La alternancia entre trabajo y oración ha encontrado su formula más feliz en la Regla de san Benito. Ciertamente ya Antonio había
aprendido de un ángel a alternar los momentos de oración con los momentos de trabajo, para poner así remedio a la tentación de la acedia. Según él el cansancio de la oración nace de la continua atención de la mente. Ahora bien tal fatiga viene ciertamente aliviada por un trabajo que desarrolle una forma de distensión, sin que llegue a ser por esto una distracción. Nuestras Constituciones afirman:

Las obras corporales están ordenadas a aquellas espirituales. Es legítimo, por lo tanto, que estando en la celda preferimos tal vez alguna ocupación manual, aunque sea simplemente para reposar el espíritu. Tal vez el trabajo manual es como un ancla que sirve para hacer estable la mente; de hecho este frena el fluctuar de los pensamientos y consiente al corazón de permanecer largamente unido a Dios, sin que la mente se canse46.

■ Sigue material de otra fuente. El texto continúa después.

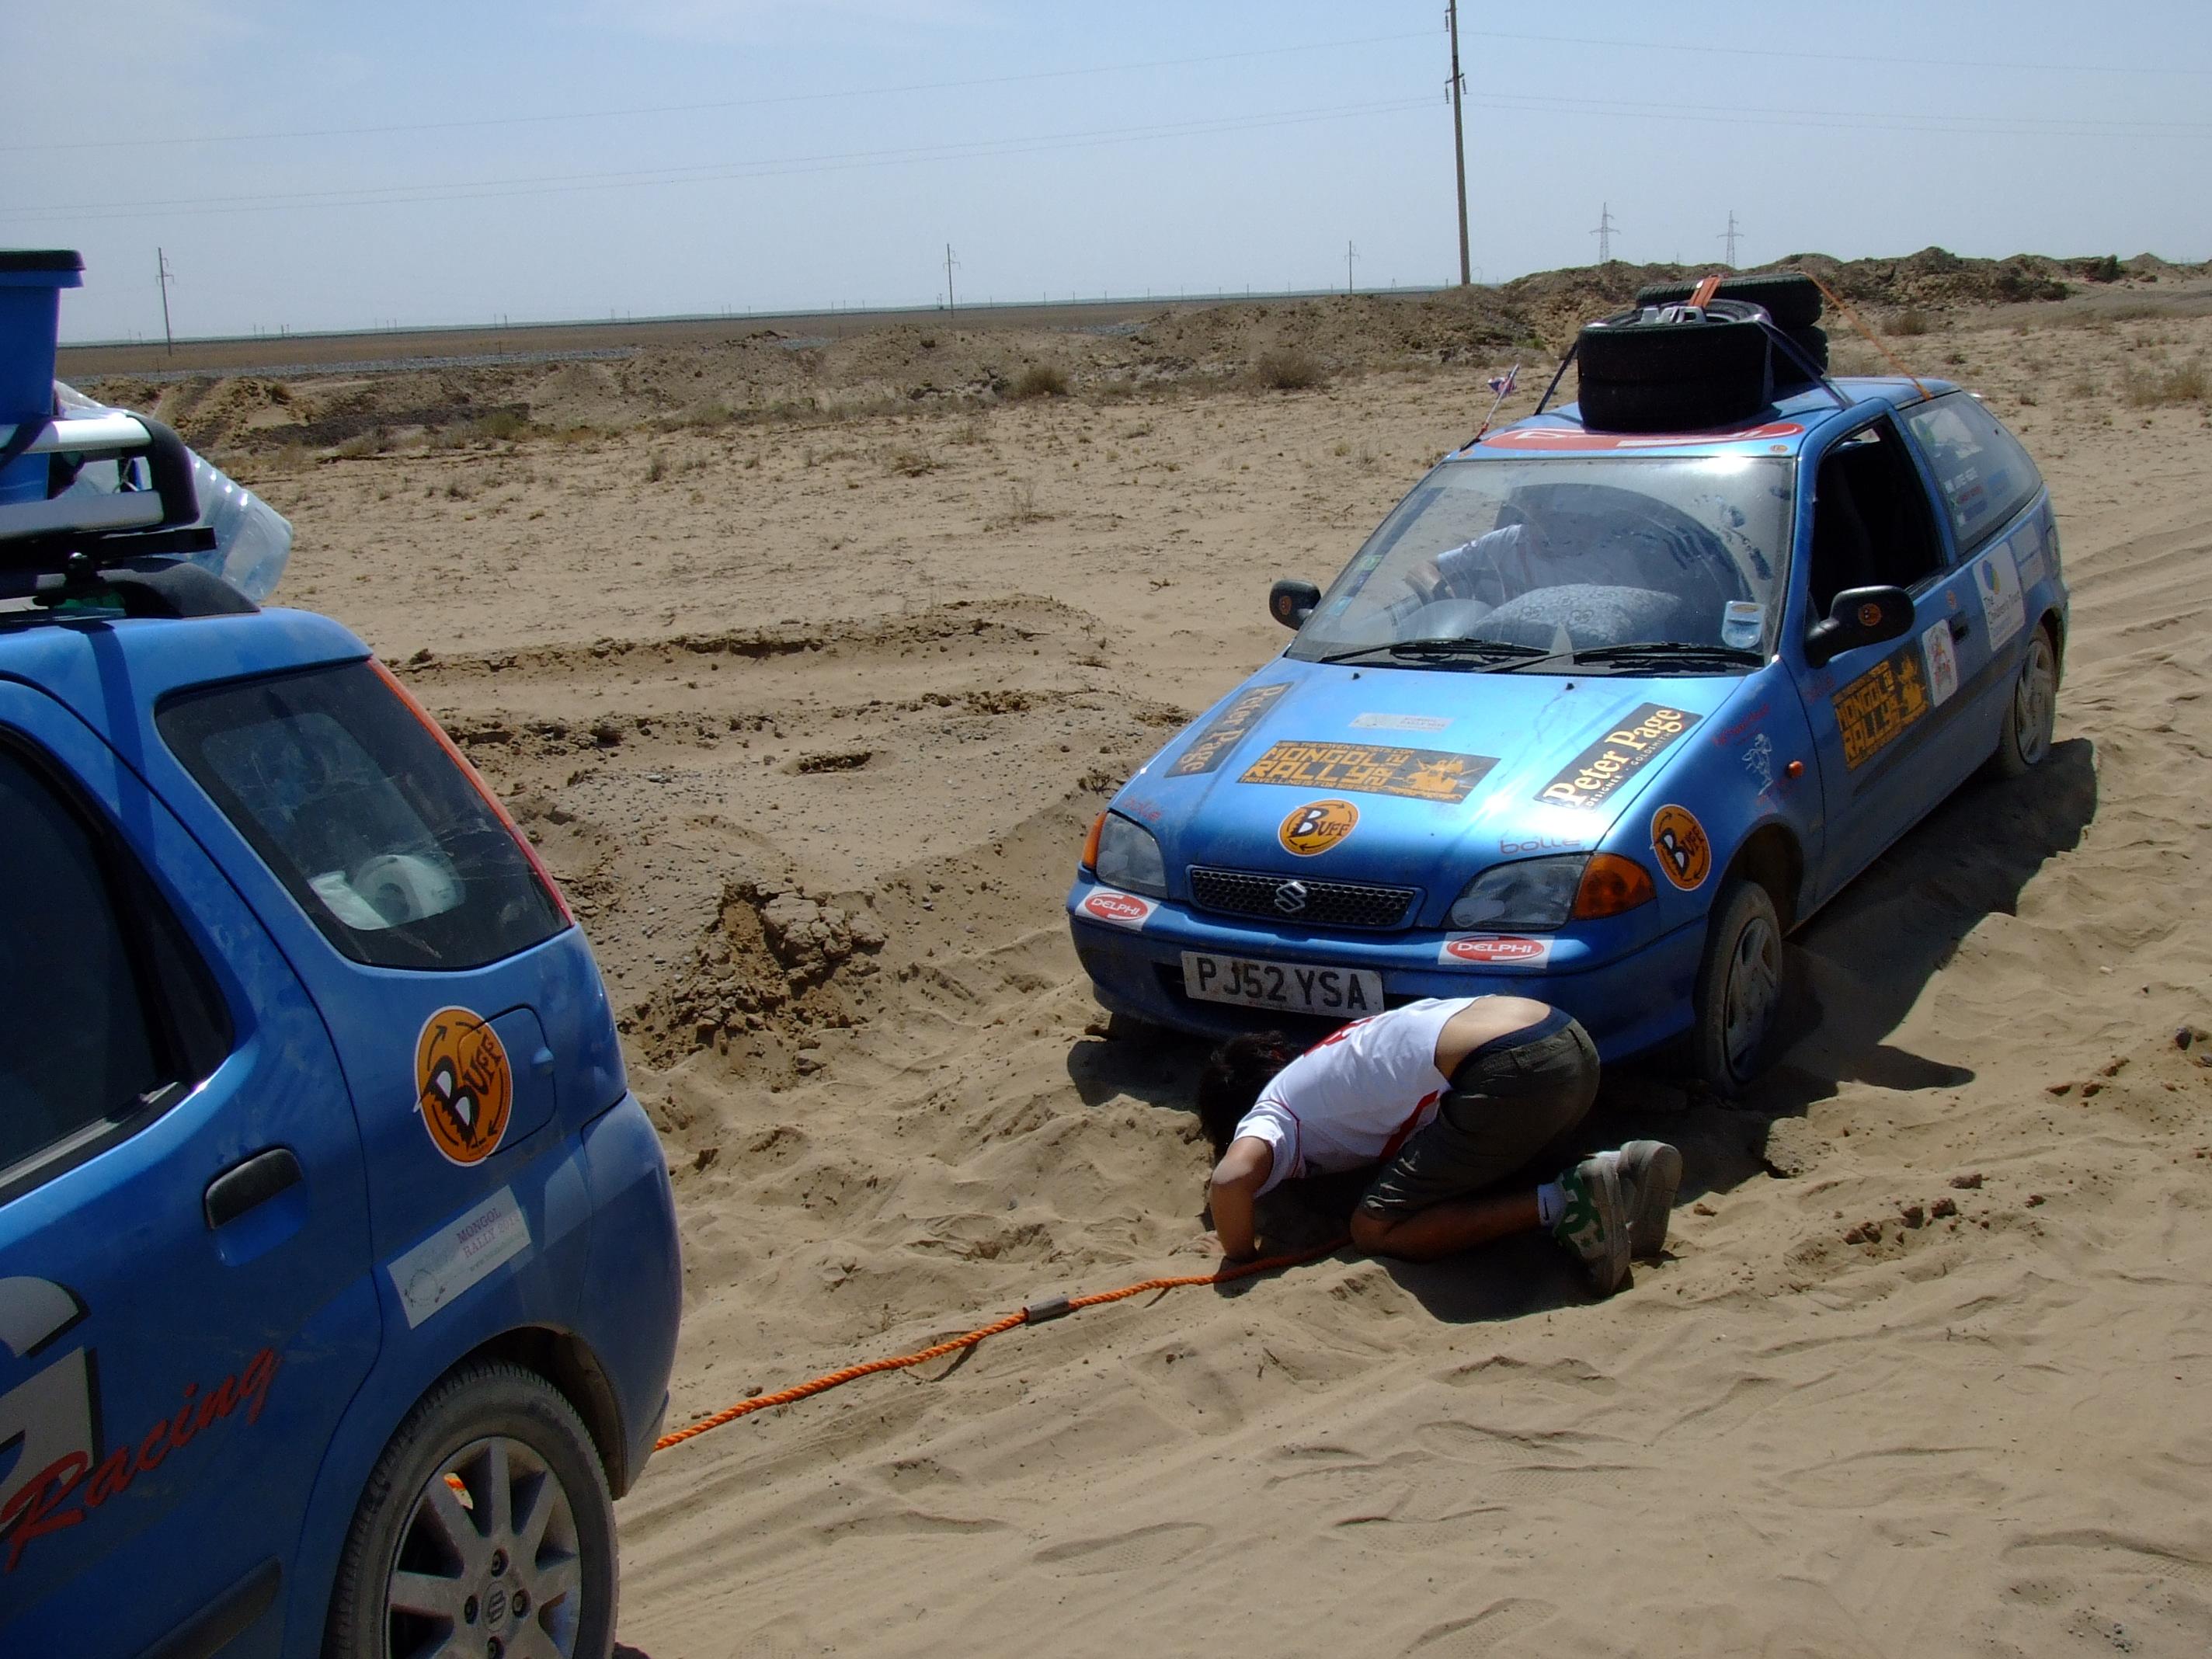 kazakh desert, kazakhstan, mongol rally 2013, mongol rally 2012

La experiencia muestra que es propiamente así. ¿El horario mismo de la jornada no es quizás expresión de una similar alternancia entre la oración y el trabajo? Por otra parte el ideal de cada uno de nosotros debe ciertamente ser la unión continua del alma a Dios, a imagen de la comunión de Jesús con el Padre, y es por esto que las horas litúrgicas sobresalen en nuestra jornada: estas quieren contribuir a dar a nuestro trabajo y a todas nuestras otras ocupaciones su calidad de servicio a Dios, en la paz y en el silencio. Según los antiguos no hay ni separación ni oposición entre la hesychía y el trabajo. Es verdad que a veces nos lamentamos de tener demasiado trabajo (algo que puede suceder, naturalmente) y pensamos que ello nos impide vivir como verdaderos contemplativos, pero quizás la solución está en el comportamiento contemplativo con el que hacemos este o aquel trabajo. Thomas Merton hizo un día esta afirmación: “En nuestros monasterios hay religiosos que hacen todo, oración incluida, con una mentalidad de trabajadores asalariados, mientras otros hacen todo como hombres de oración”. Y lo que hacemos es menos importante que el modo como lo realizamos. Podría afirmar de algunos hermanos aquello que Juan Casiano escribe de ciertos monjes de Egipto:

No es fácil decidir a que se deba atribuir sus resultados [es decir su alegría interior]: si es que ellos se aplican sin pausa al ejercicio del trabajo manual gracias a su intensidad espiritual, o bien si es por la
asiduidad del trabajo que adquieren un notable progreso espiritual y una gran luz de la ciencia47.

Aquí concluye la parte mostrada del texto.